Vita

Rupert Gaderer studied electrical engineering at the TGM Technologisches Gewerbemuseum at Vienna (1994-1998), German Literature at the University of Vienna (1999-2004) and at the University of Genoa (2002-2003). He received his PhD in German Literature at the University of Vienna with a dissertation on the relations between natural sciences, aesthetics, and literature around 1800 (Poetik der Technik: Elektrizität und Optik bei E.T.A. Hoffmann, 2009). He has received grants from the University of Vienna (2002/2003) and the Austrian Academy of Sciences (2005-2007), was a fellow at the IFK International Research Center for Cultural Studies (2006-2007), an IFK visiting fellow at the Humboldt-University of Berlin (2007-2008), and a postdoctoral Fellow at the ICI Berlin Institute for Cultural Inquiry (2008-2009).

Since 2009 he is a scholar at the Graduate School ‘Mediale Historiographien’ (Weimar, Erfurt, Jena). He has taught German Literature at the University of Vienna, at the Humboldt-University Berlin, and at the University of Erfurt. His research areas include the relations between natural sciences and literature, law and literature, and travel literature on Italy.
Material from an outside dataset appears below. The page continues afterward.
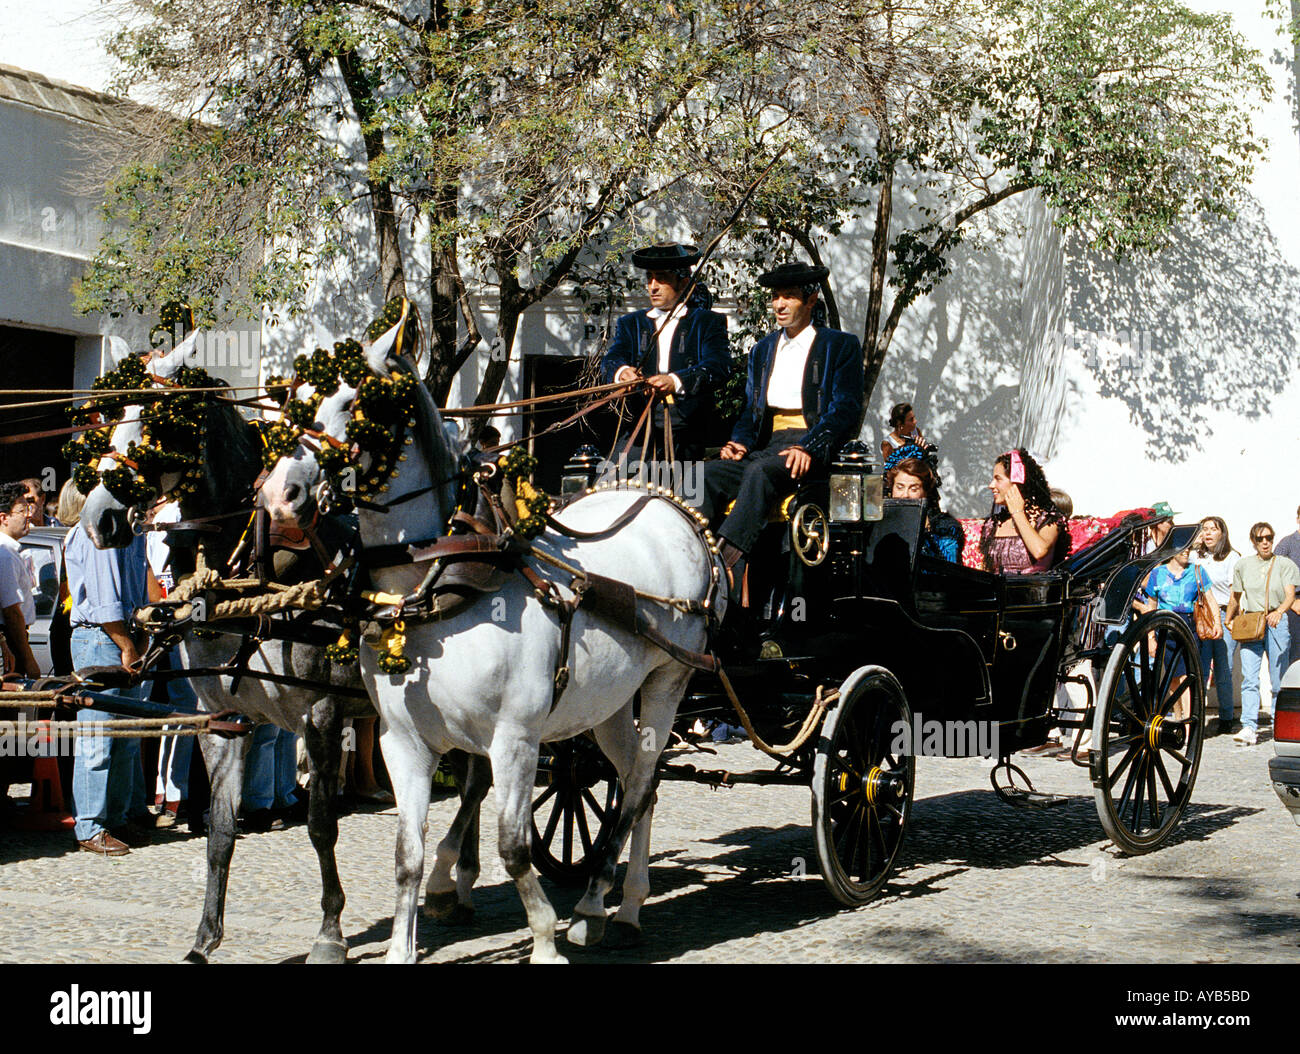 Couples arriving in horsedrawn carriages for a festival in Rhonda Andalucia Spain Stock Photo

The Science of Electricity:
Cultures of Tension in Natural Science, Philosophy, and Literature, 1744-1826

ICI Project 2008-09

The introductory section of my work looks at the way electric tension entered popular culture during the eighteenth-century in the form of public performances. With the assistance of new devices such as the Leidener jar or the electrostatic generator, experimenters sought to make electrical tension visible to a broader lay audience. The second section concentrates on eighteenth-century electrotherapy and is dedicated to the ‘medicina electrica’. Leidener jars and electrostatic generators began to be used when medicine emerged as a modern science.

The third section analyzes the manner in which metaphors of electrical tension were introduced in the philosophical works of Friedrich Joseph Schelling, Gotthilf Heinrich Schubert, and Johann Wilhelm Ritter, among others around 1800. My research concludes with an analysis of those literary works that exemplify the broader preoccupation with electricity in early modern European culture (i.e. Jean Paul, Novalis, Achim von Arnim, Heinrich von Kleist, Bettine von Arnim, Friedrich Schiller).